# TASK DESCRIPTION:
Retype exactly, and only, the lines from the one that contains "Brass parts are polished and stove enamelled" through the final line of the entries.

Records excerpted from a collection
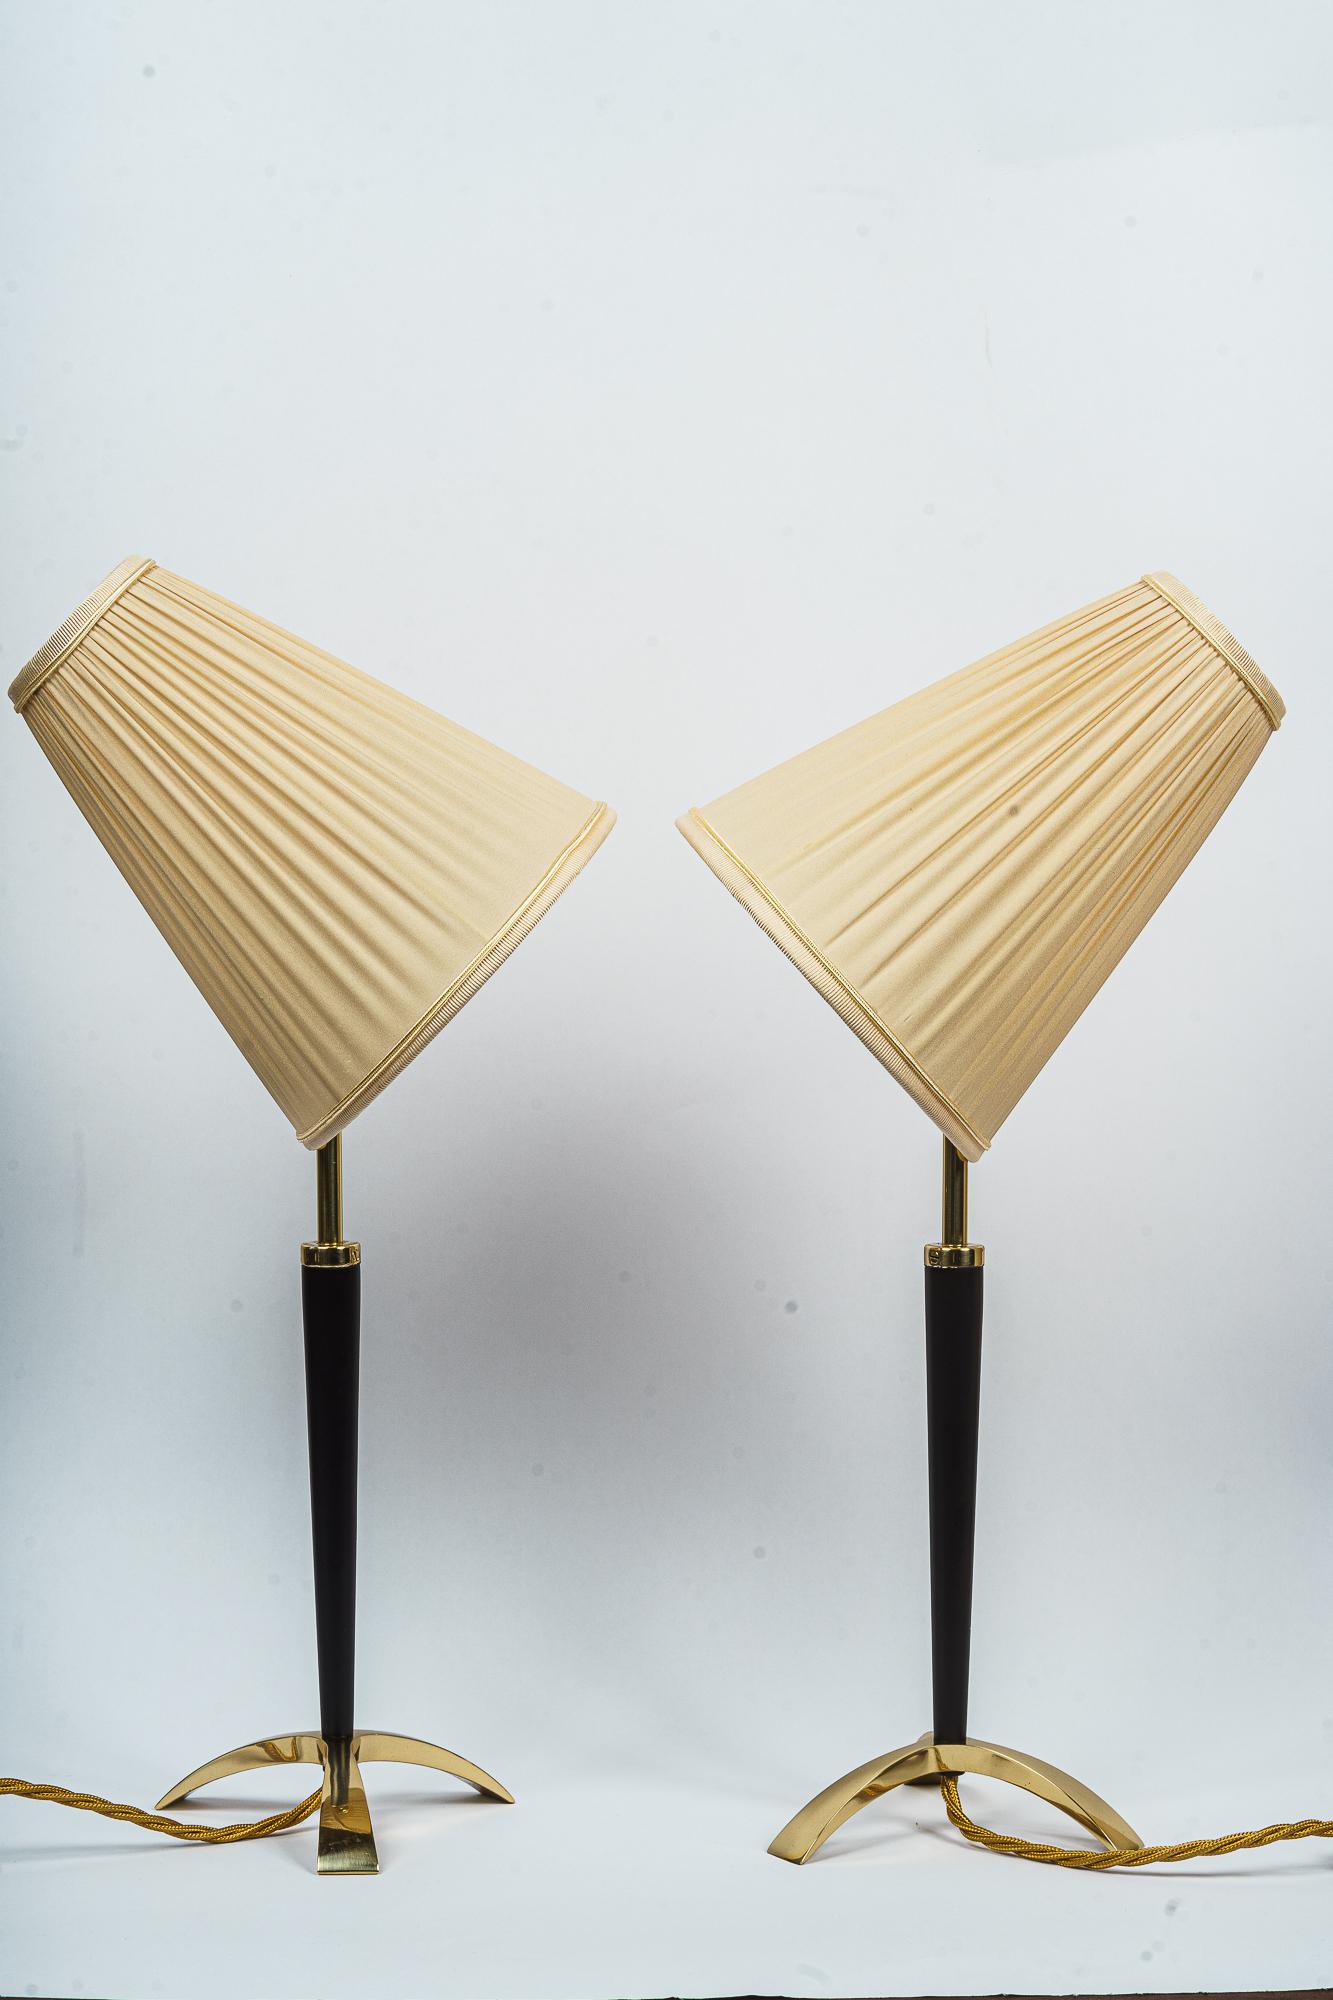 Two extendable table lamps by J.T. Kalmar, circa 1950s
Extendable in the hight from 50cm up to 54cm
Brass parts are polished and stove enamelled
The fabric is replaced ( new )
Pair price.

# RESULT FOR THIS EXERCISE:
Brass parts are polished and stove enamelled
The fabric is replaced ( new )
Pair price.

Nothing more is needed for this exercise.